=== Recorded information ===

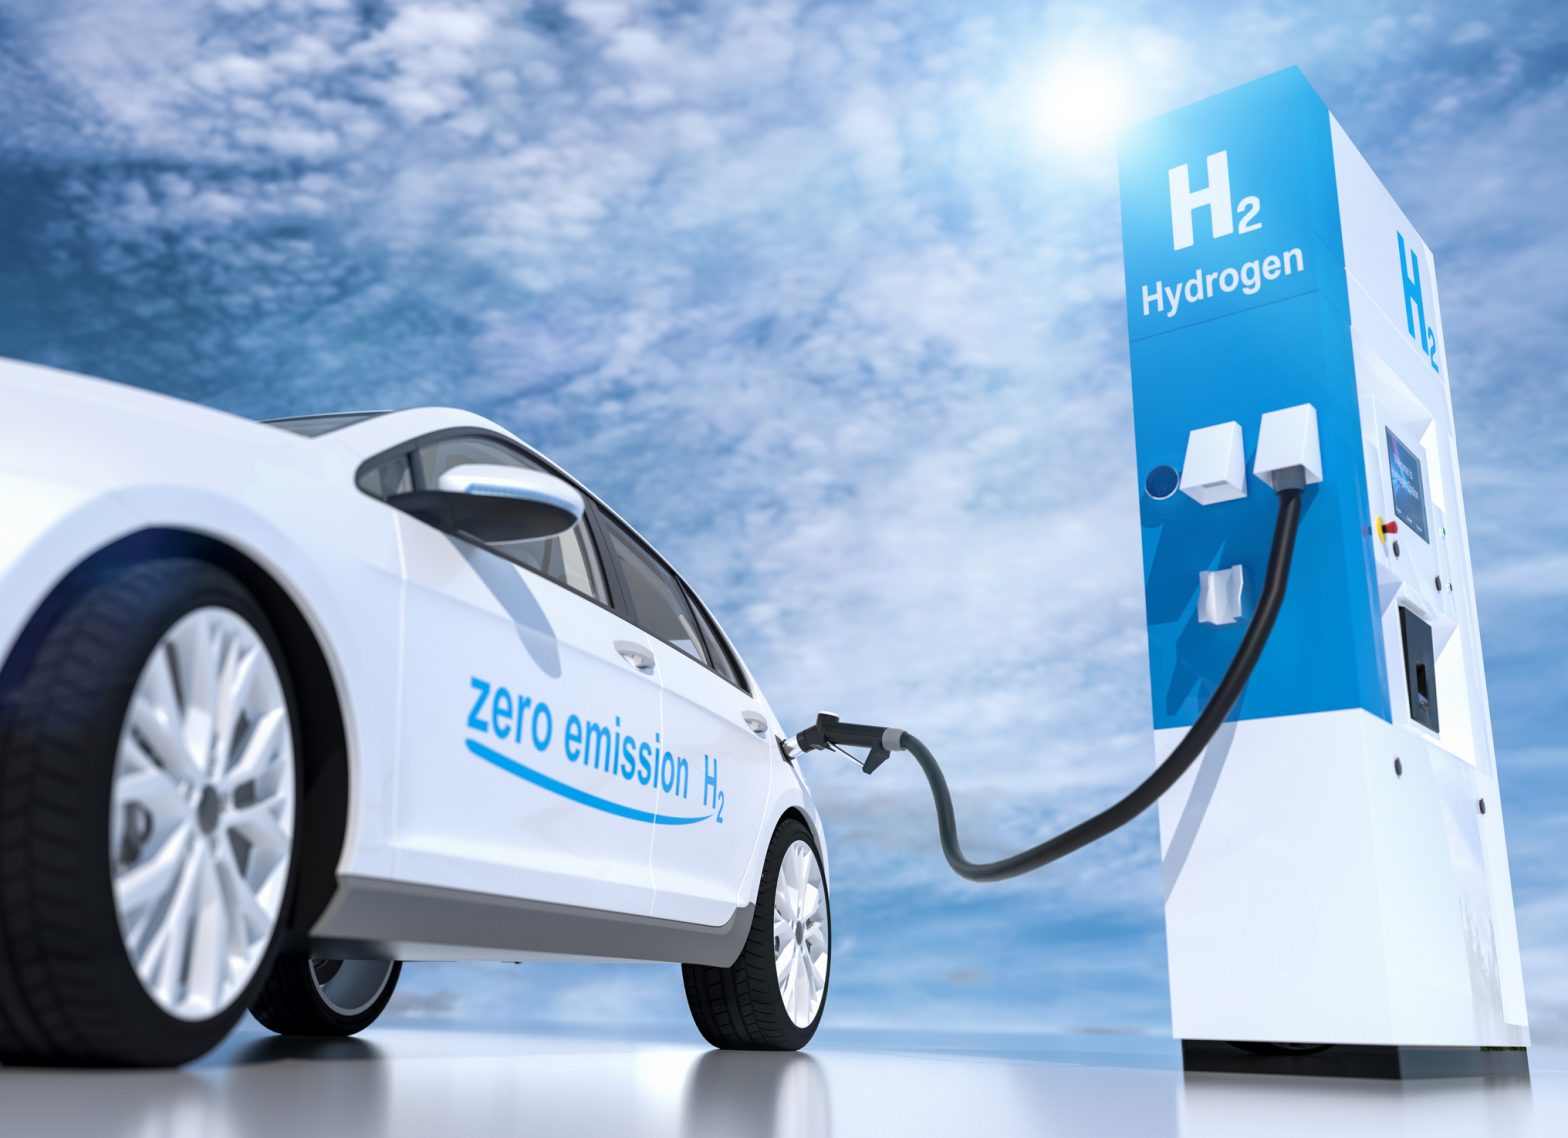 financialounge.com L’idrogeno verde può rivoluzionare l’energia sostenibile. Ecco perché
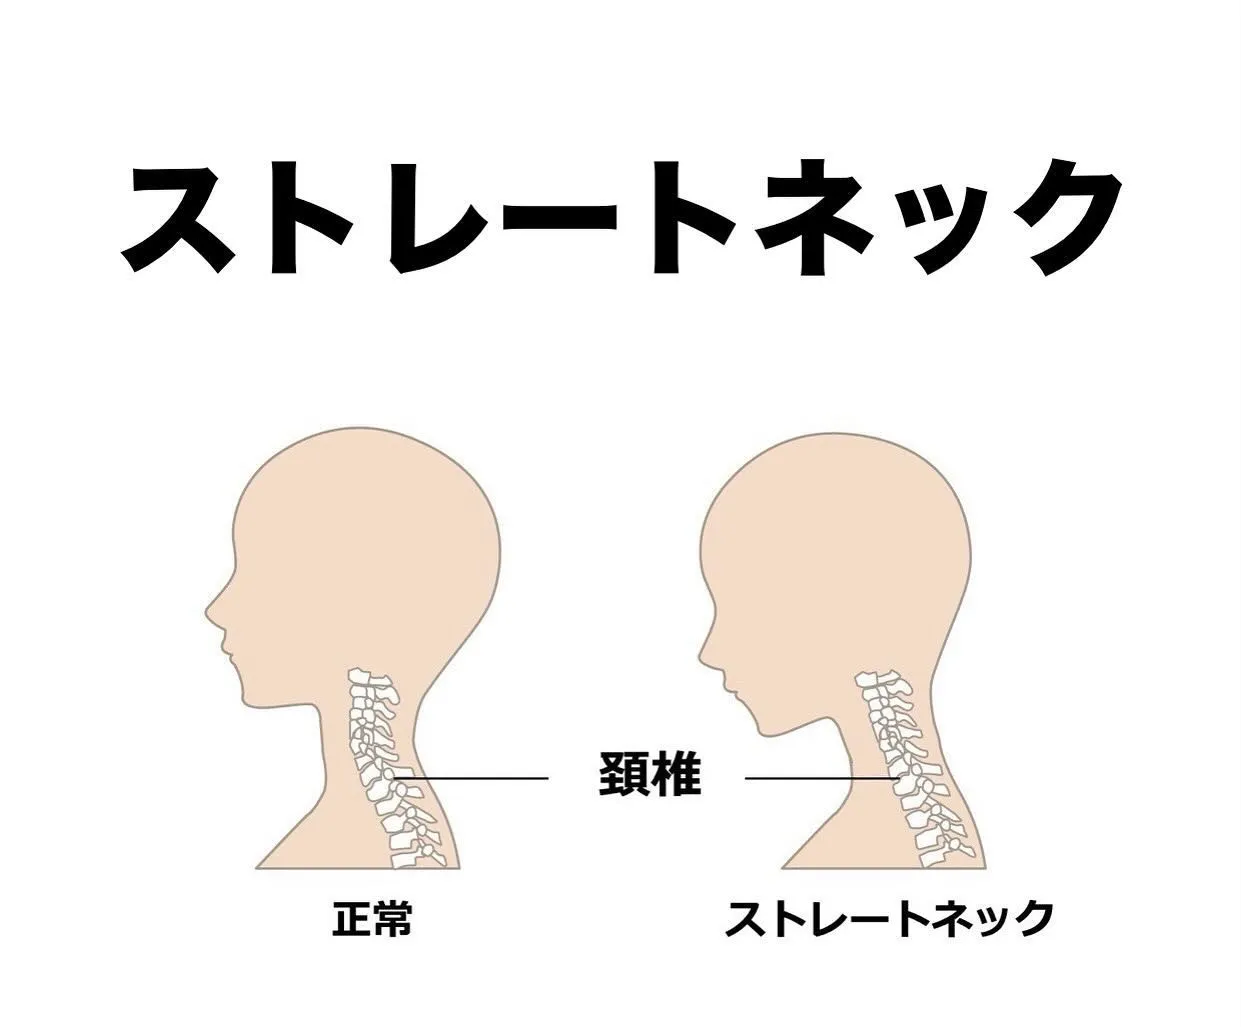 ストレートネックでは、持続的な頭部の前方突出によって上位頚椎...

===
=== Recorded information ===

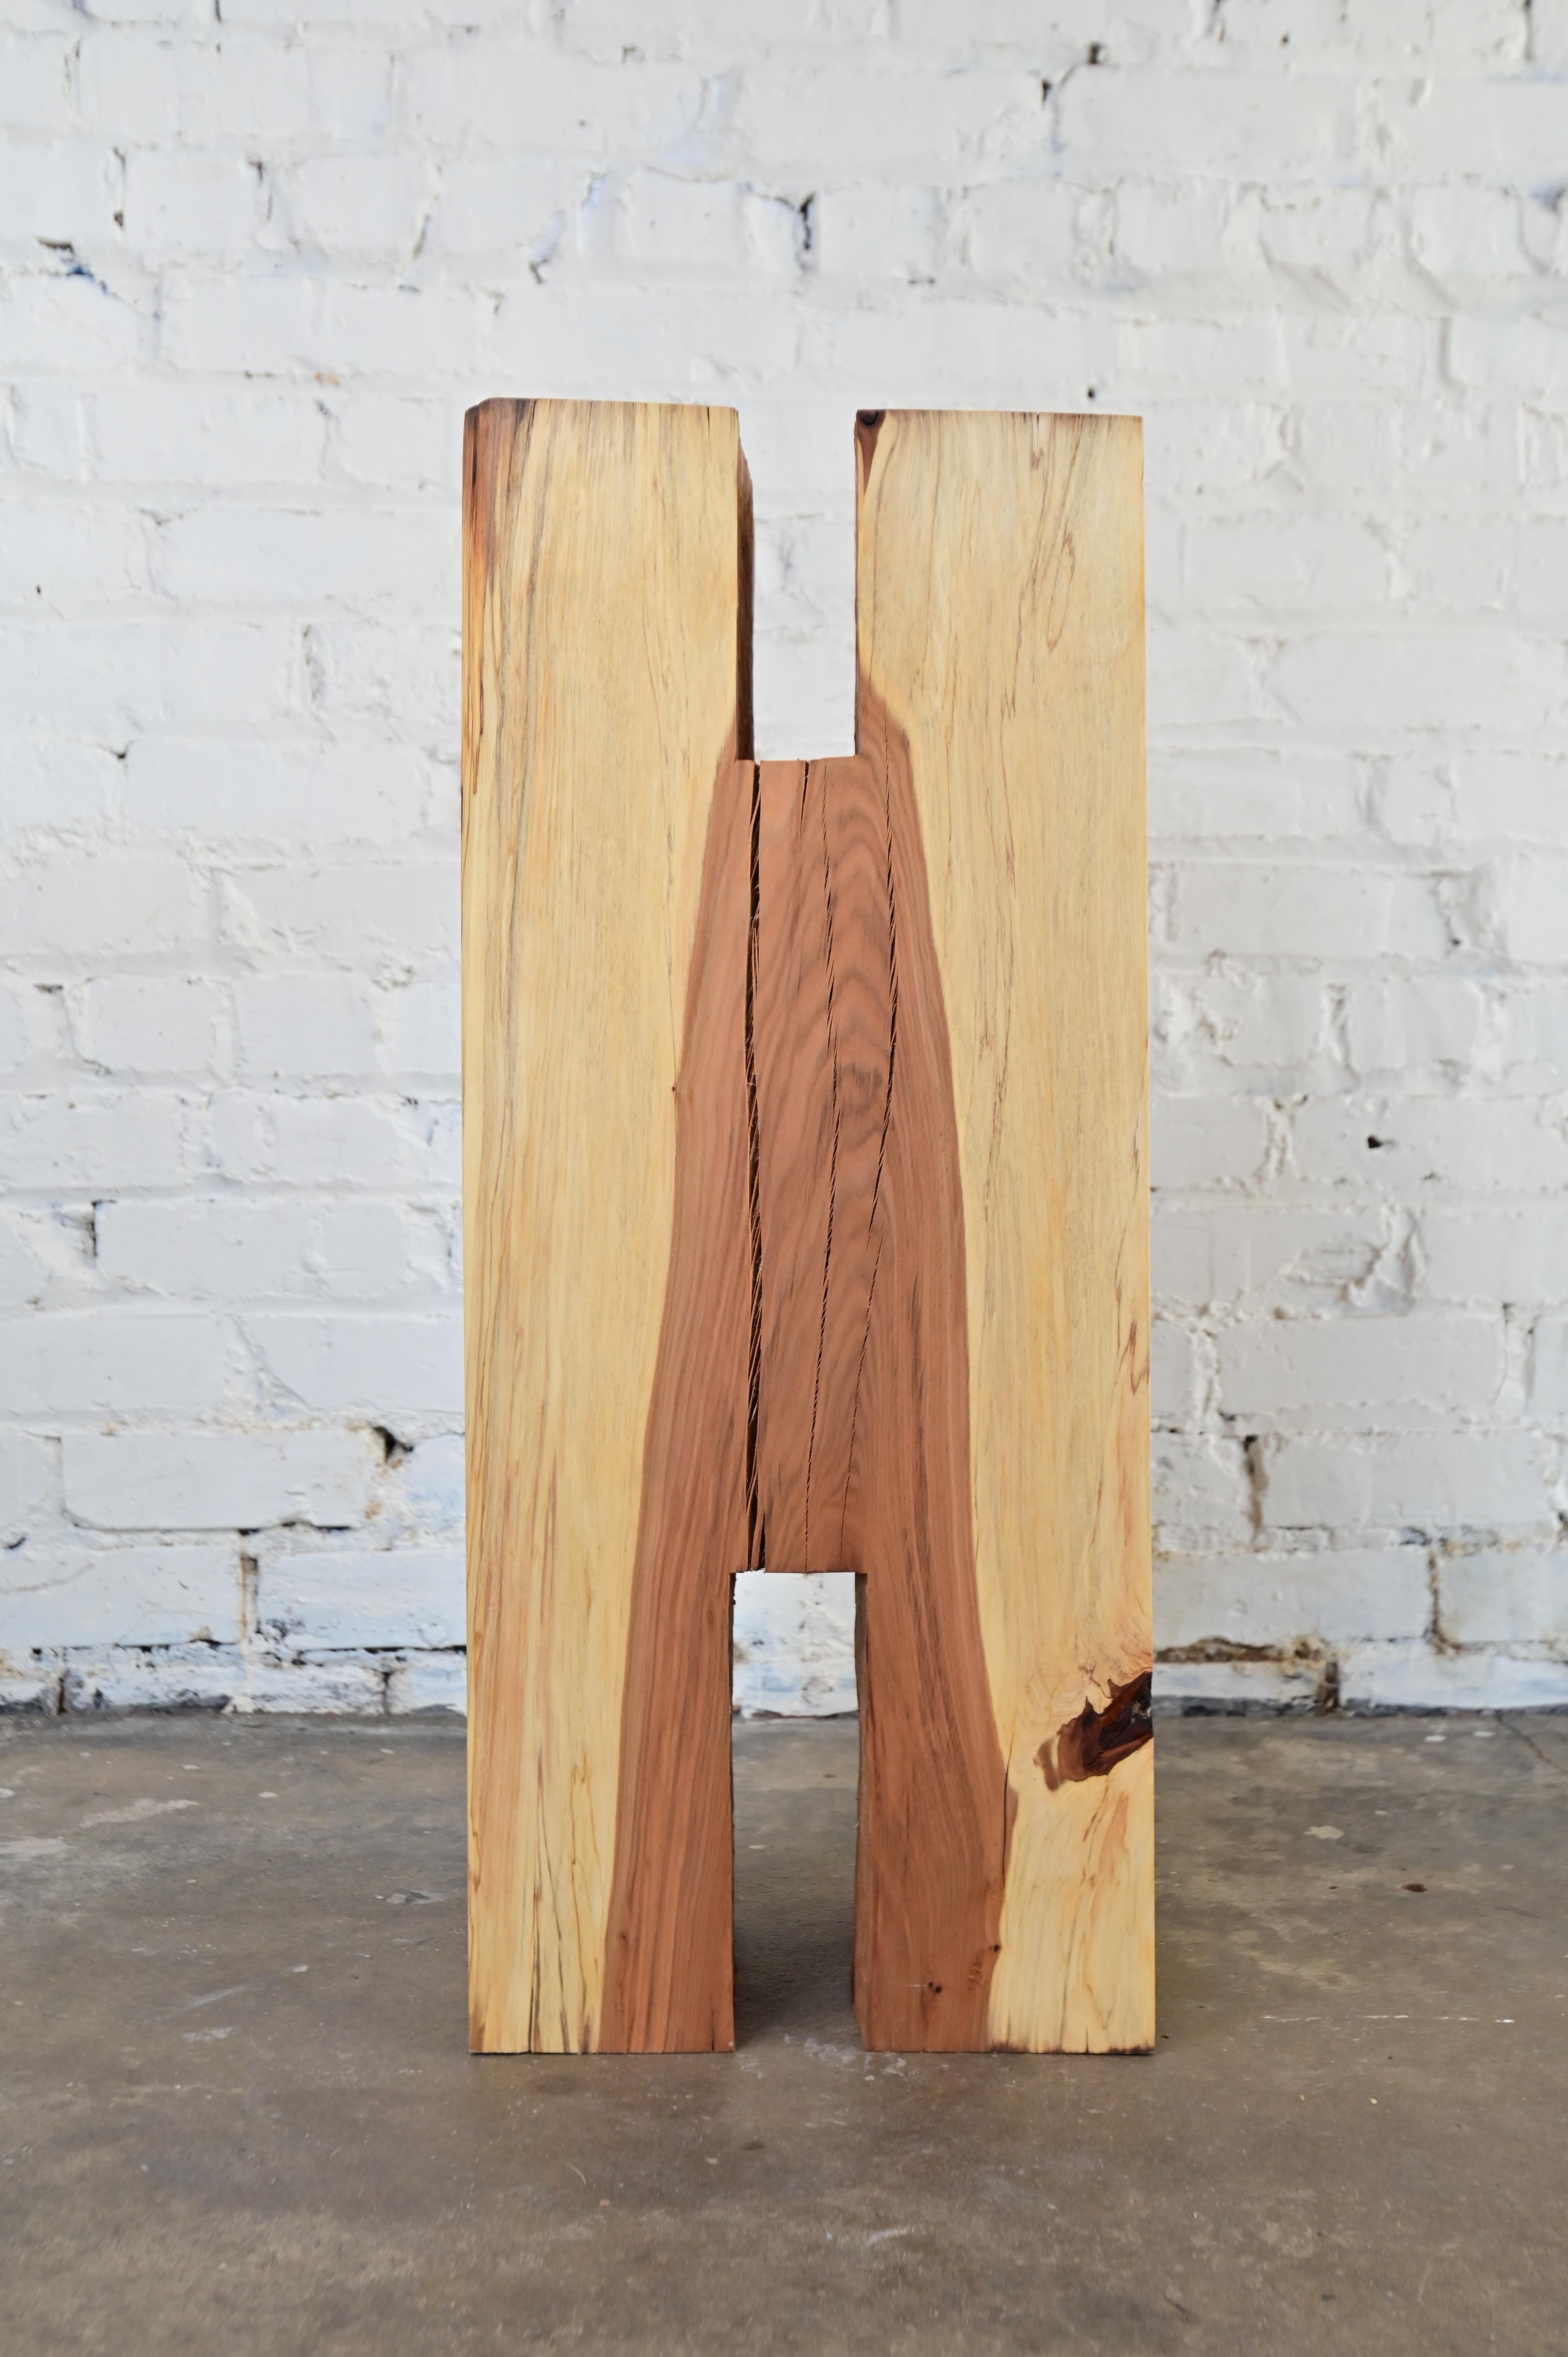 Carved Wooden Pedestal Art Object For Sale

===

* _Task directions_: Exact repeat of the material above: every line from the one with "financialounge.com L’idrogeno verde" through the one with "ストレートネックでは、持続的な頭部の前方突出によって上位頚椎...", endpoints included, and nothing more. No pictures.

* _Task answer_:
 financialounge.com L’idrogeno verde può rivoluzionare l’energia sostenibile. Ecco perché
 ストレートネックでは、持続的な頭部の前方突出によって上位頚椎...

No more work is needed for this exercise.